» THE DATA

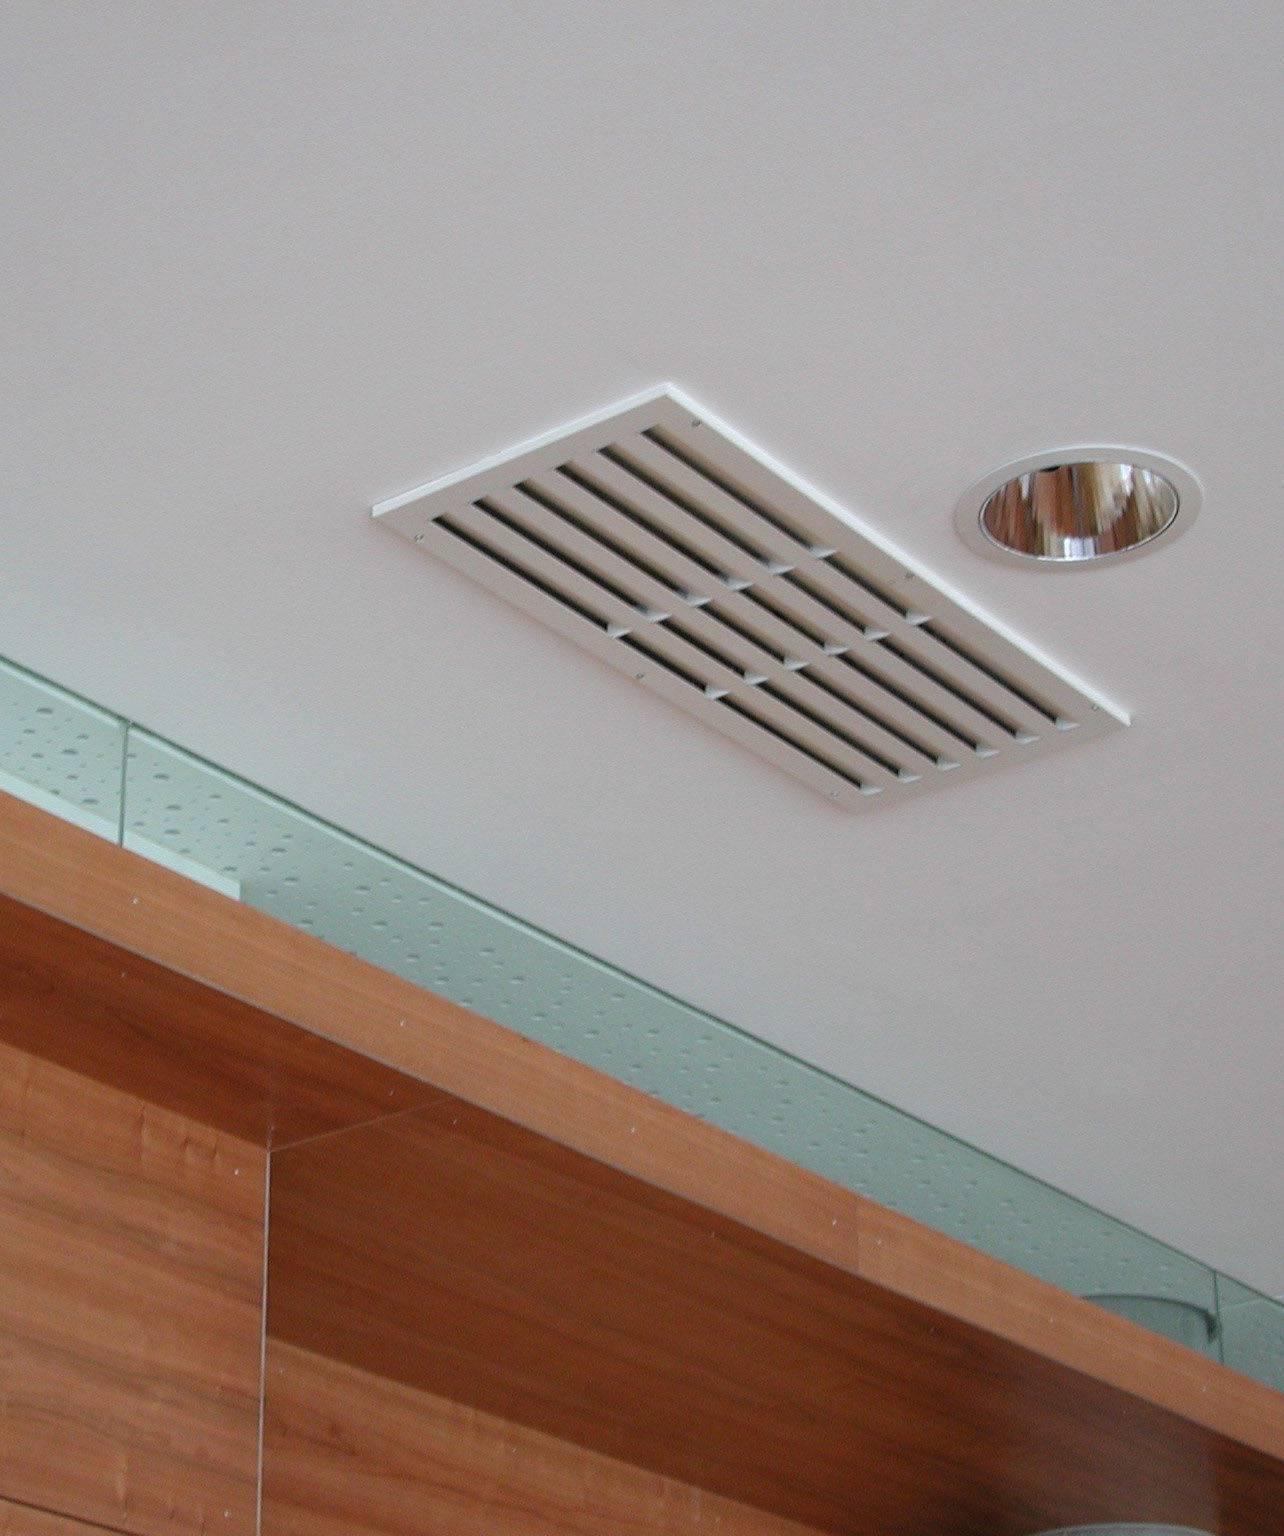 Вентиляционные решетки для натяжных (подвесных) потолков: установка, зачем нужна, преимущества и недостатки
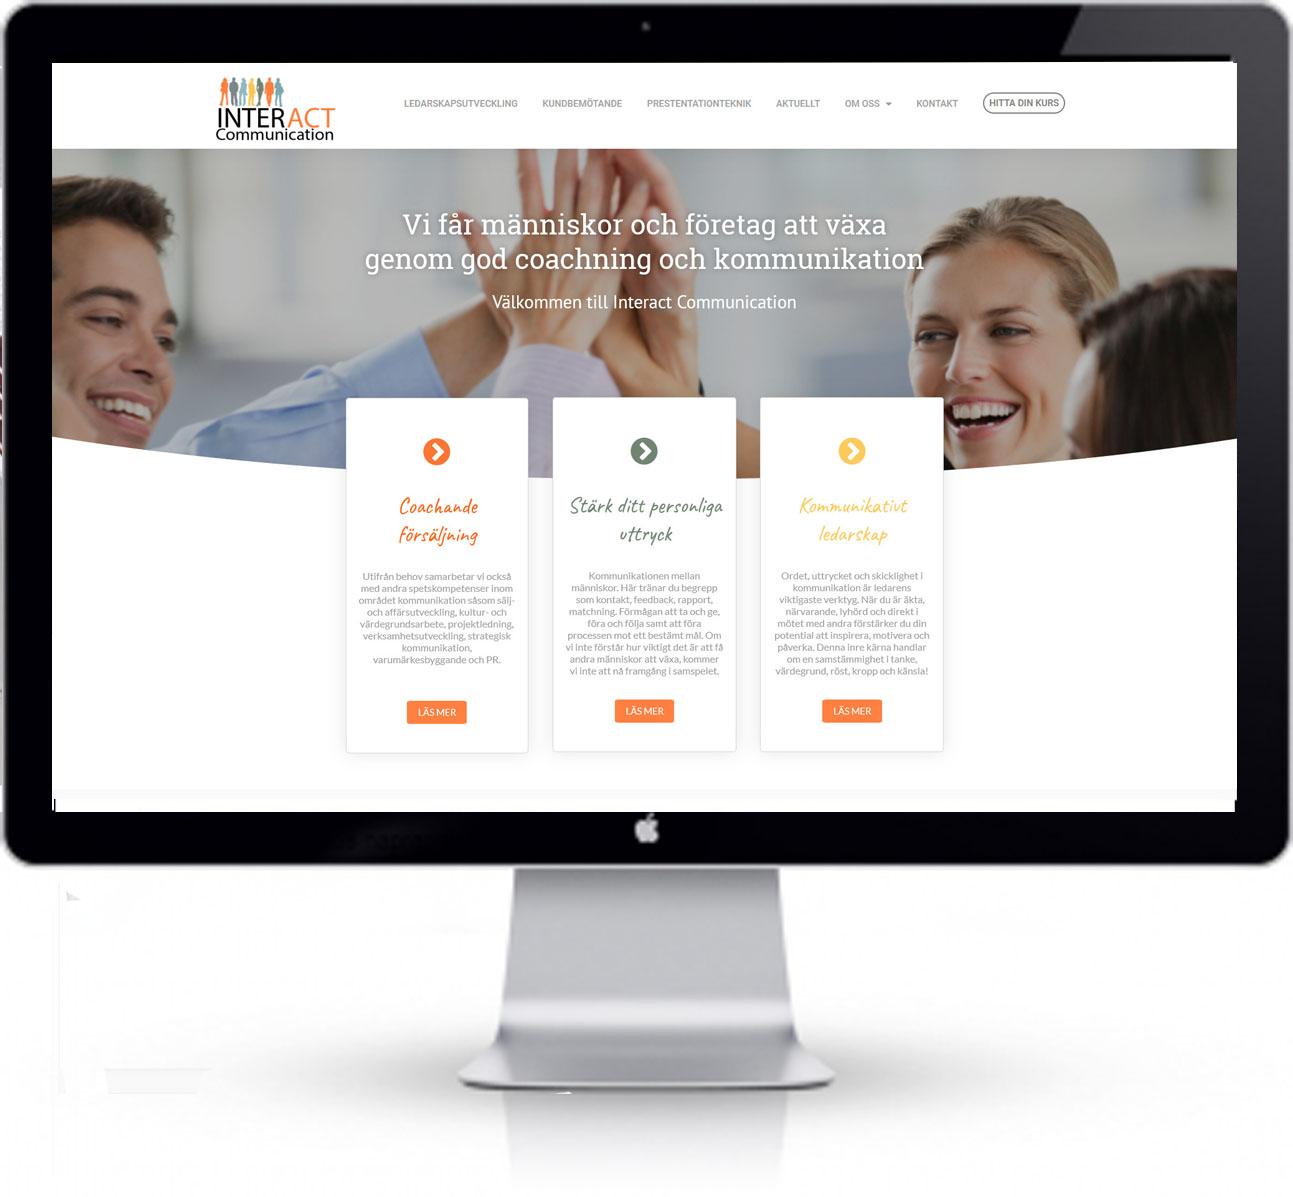 interactcom
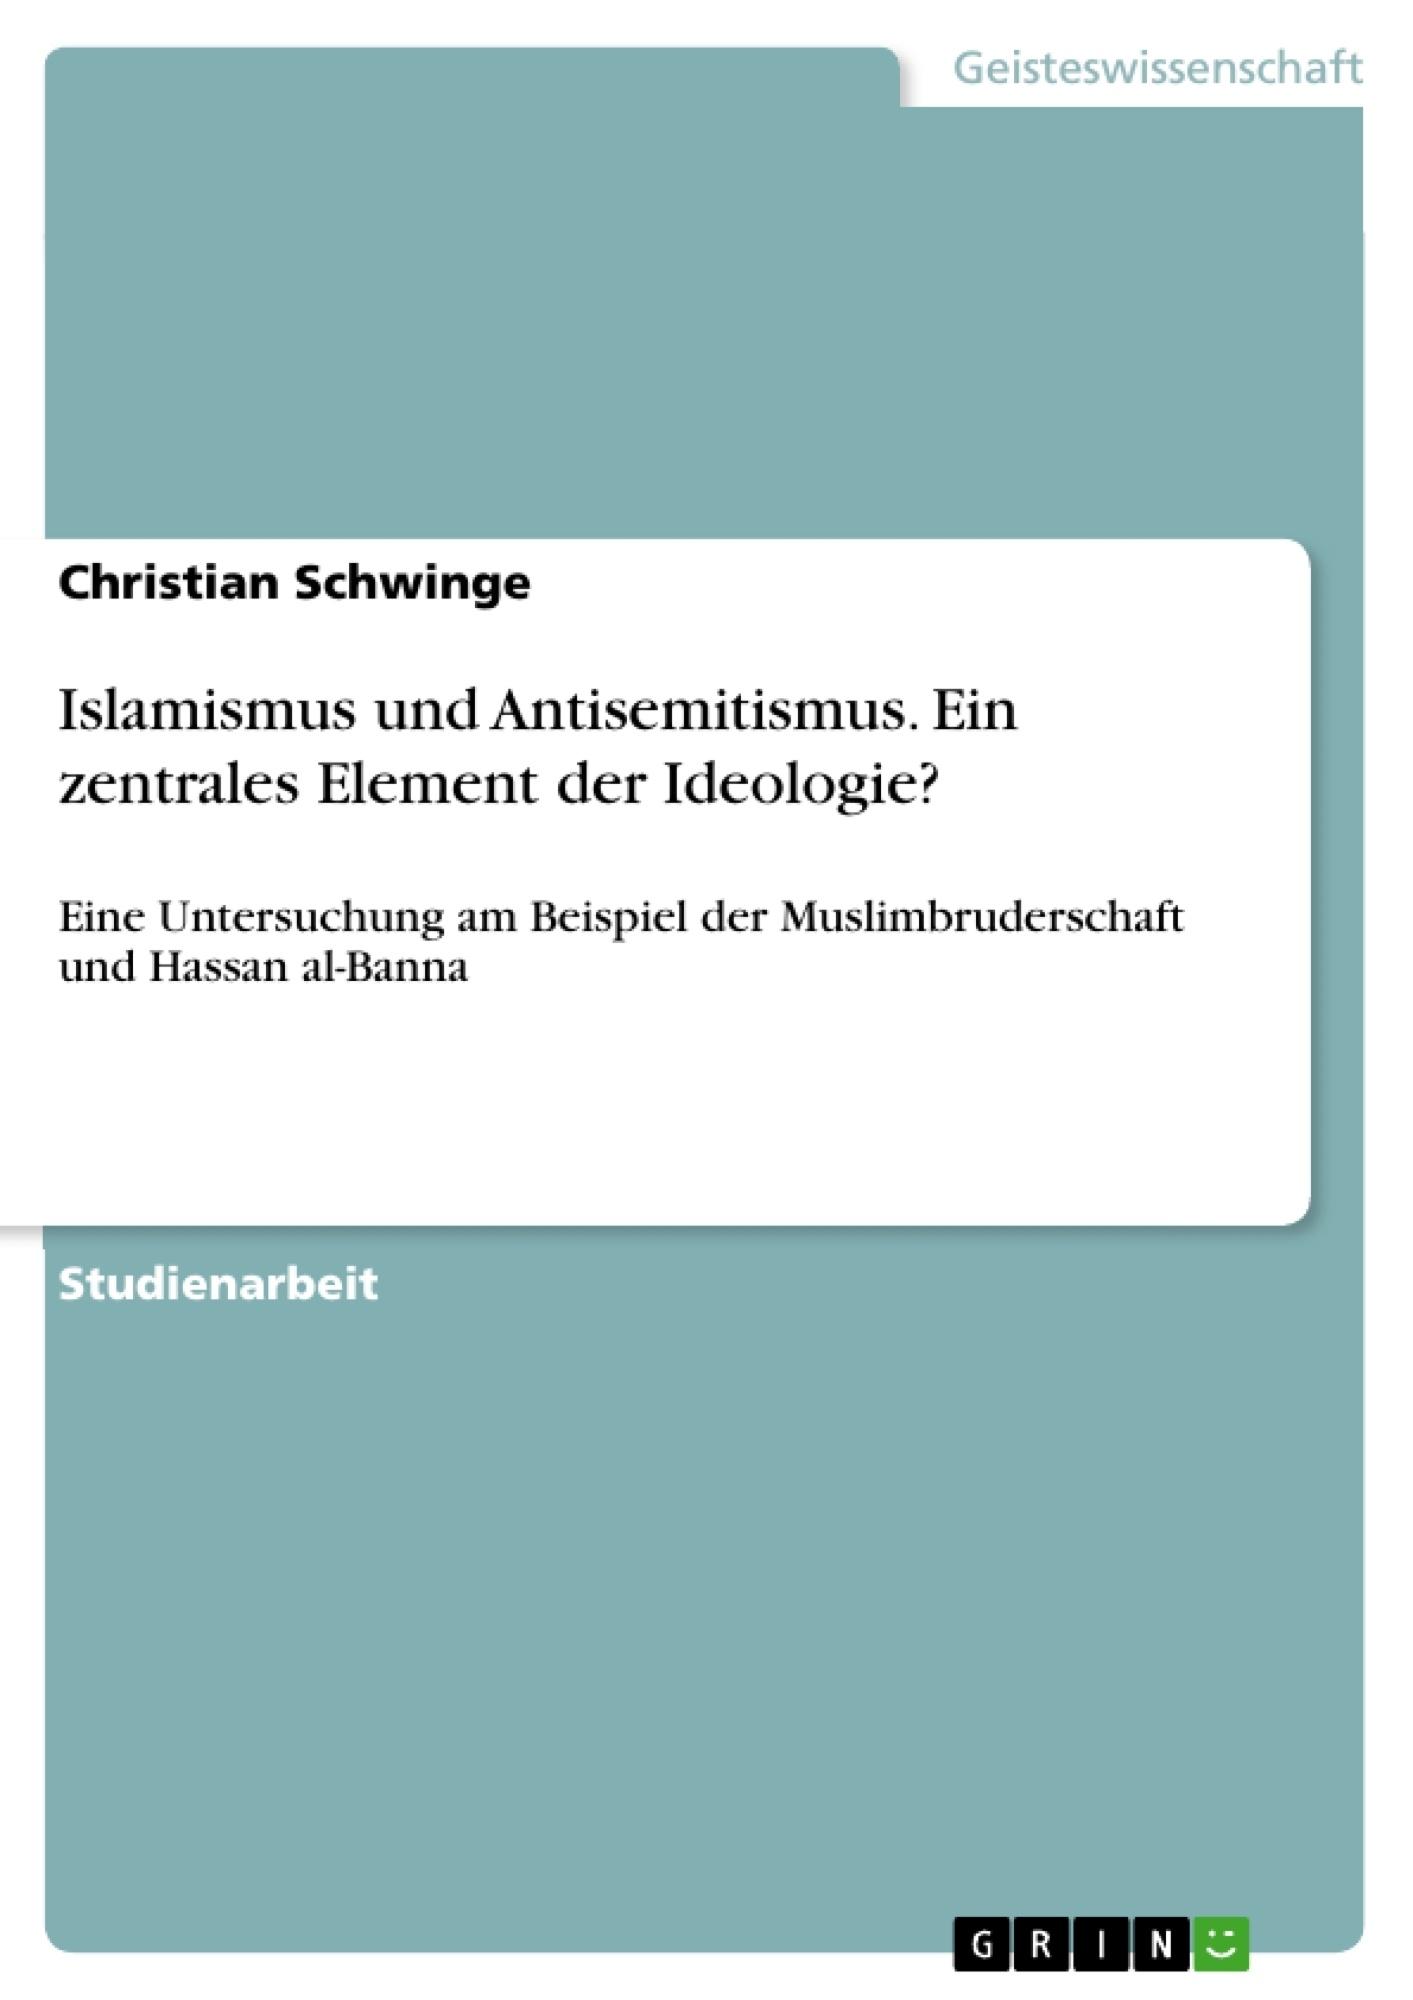 Titel: Islamismus und Antisemitismus. Ein zentrales Element der Ideologie?

» WORK INSTRUCTION
Return each line of the data, keeping its wording exact and omitting pictures.

» ANSWER SPACE
 Вентиляционные решетки для натяжных (подвесных) потолков: установка, зачем нужна, преимущества и недостатки
 interactcom
 Titel: Islamismus und Antisemitismus. Ein zentrales Element der Ideologie?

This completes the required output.